2019 yılının nisan ayında ilk kez fotoğraflanmış uzayın villain'ı.* görüntülenen kara deliğin adı m87 olup bizden yaklaşık 54 milyon ışık yılı uzaklıktadır. yani 54 milyon yıl önceki haline baktığımızı bilmek bile uzayın ne derece beyin yakan bir yer olduğunu bize gösteriyor. samanyolu galaksisin merkezindeki Sagittarius A* kara deliğinden farklı olarak m87 aktif bir kara deliktir. milyonlarca ışık yılı mesafesine kadar uzanan jet dalgası, bize onun 54 milyon yıl önce bir yıldızı afiyetle yediğini gösteriyor.

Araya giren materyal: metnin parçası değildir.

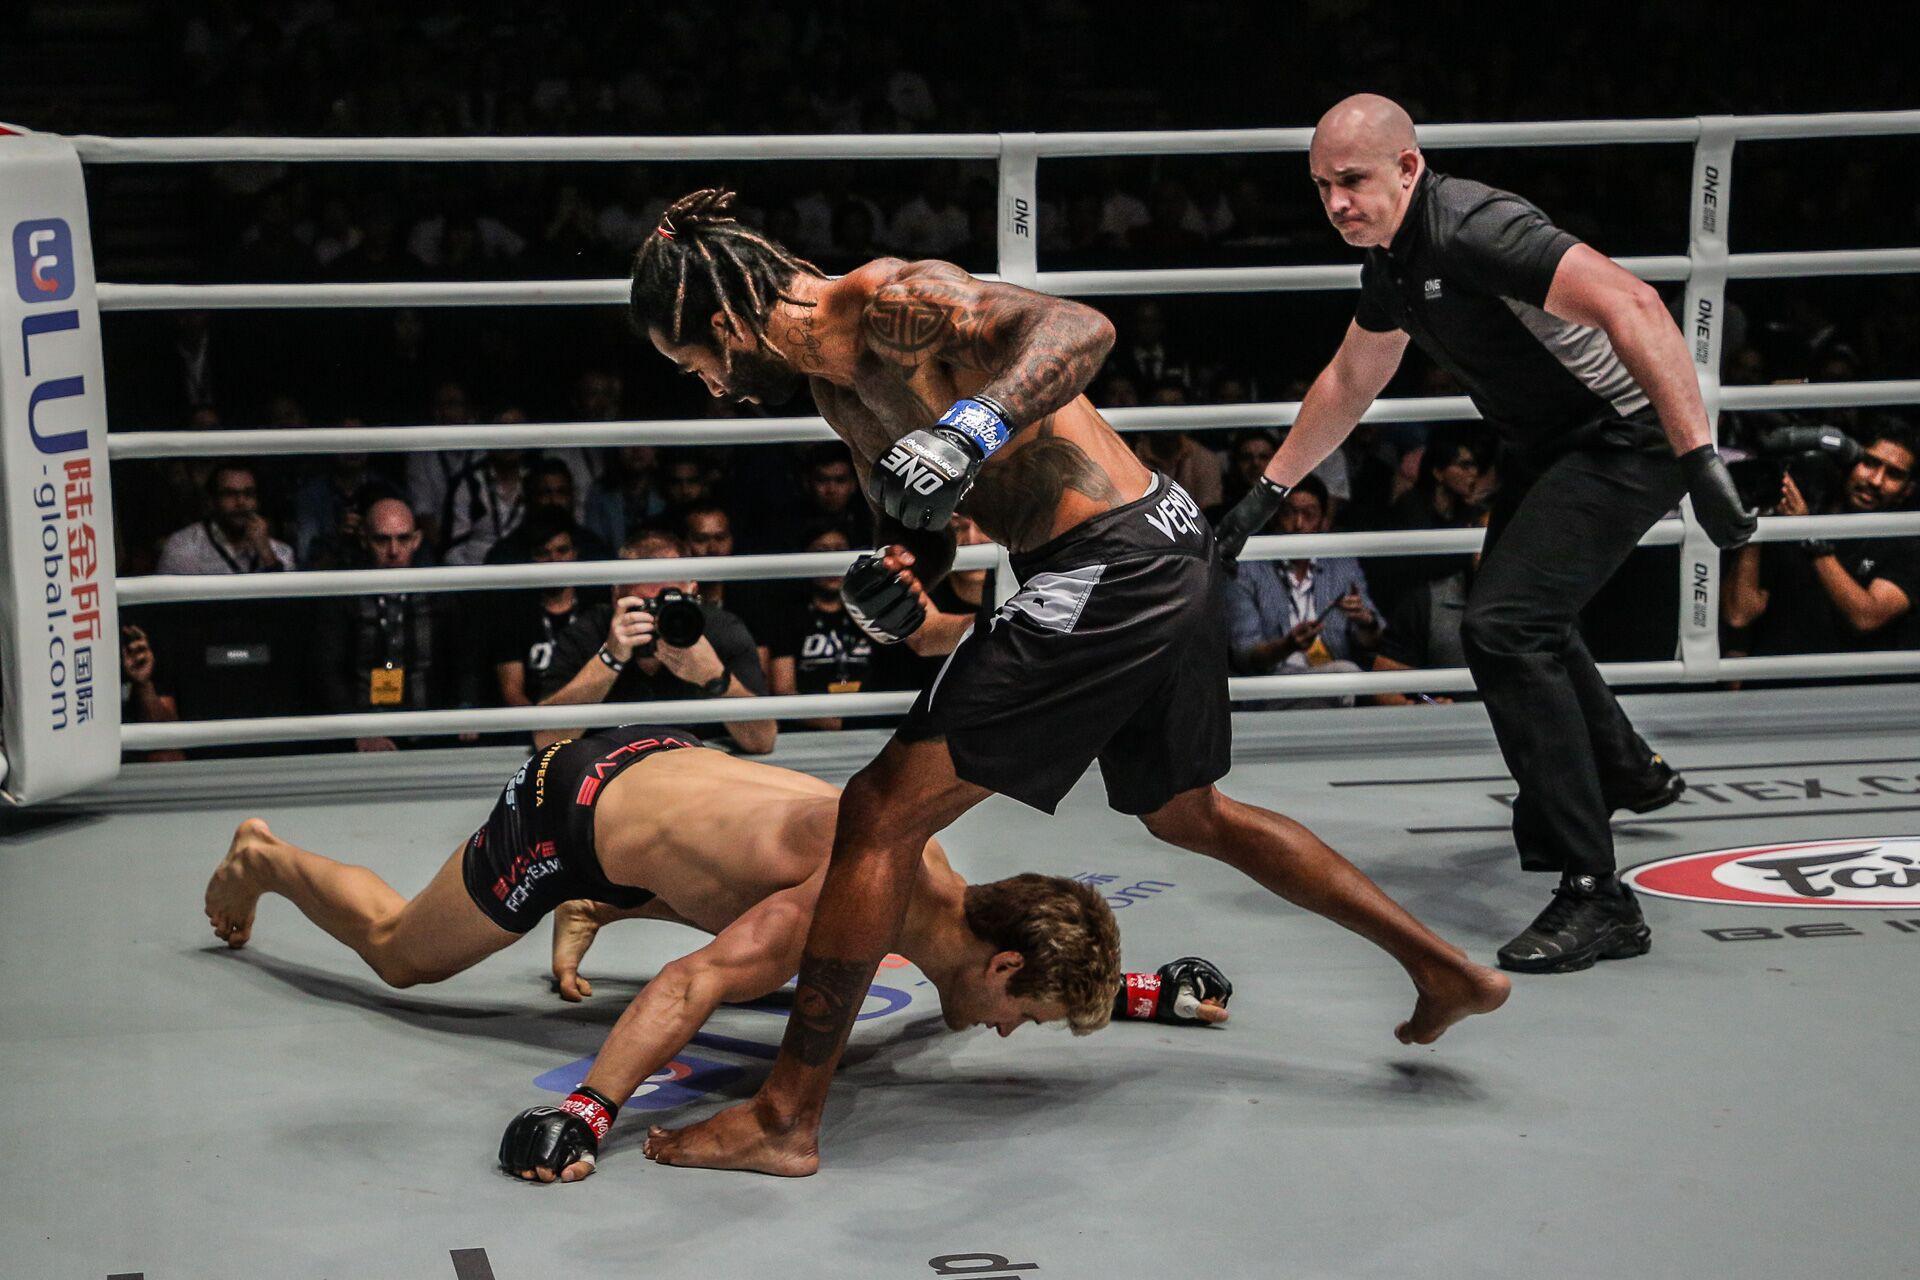 Soái ca 6 múi bị hạ sấp mặt trong ngày ra mắt giải MMA lớn nhất châu Á - Ảnh 3.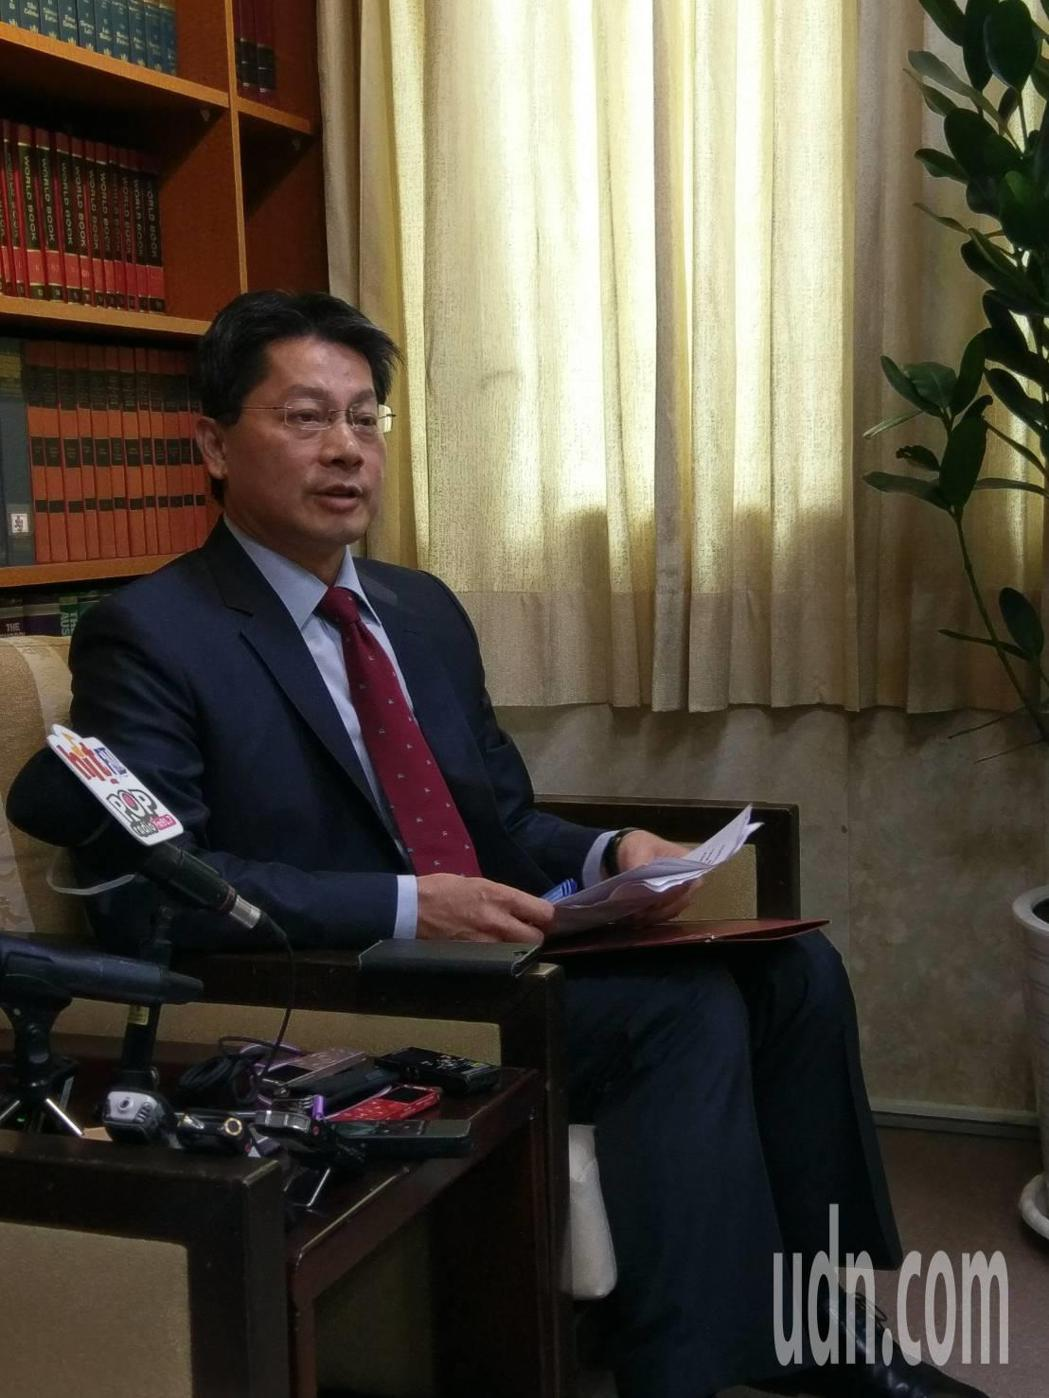 外交部發言人李憲章。記者徐偉真/攝影

fotoğrafın bulanık olmasının nedeni dünyanın birçok yerindeki EHT adı verilen teleskopların, vlbi adı verilen bir algoritma ile birlikte aynı anda tek bir noktaya odaklanması ile oluşturulmuştur. aslında bildiğimiz tarzda bir fotoğraf olmaktan çok verilerin işlenmesi ile ortaya çıkmıştır. öylesine uzak bir cismin fotoğrafını çekmek için dünya büyüklüğünde bir teleskopa ihtiyacınız olacağı için dünyanın birçok yerindeki teleskopun eş zamanlı çalışmasıyla bu amaca ulaşılmaya çalışılmıştır.
Duyduğum kadarıyla, Samanyolu Galaksimizin merkezindeki kara deliğin fotoğrafının çekilme çalışması hala sürüyormuş. Fotoğraf ilk yayınlanma haberi geldiğinde merakla araştırmıştım ama bir yanım Stephen Hawking için üzüldü. Keşke biraz daha yaşasaydı da, hayatını adadığı, fizik dünyasına sayısız katkılar yapmasına vesile olan bu cismin şu anına bakabilseydi.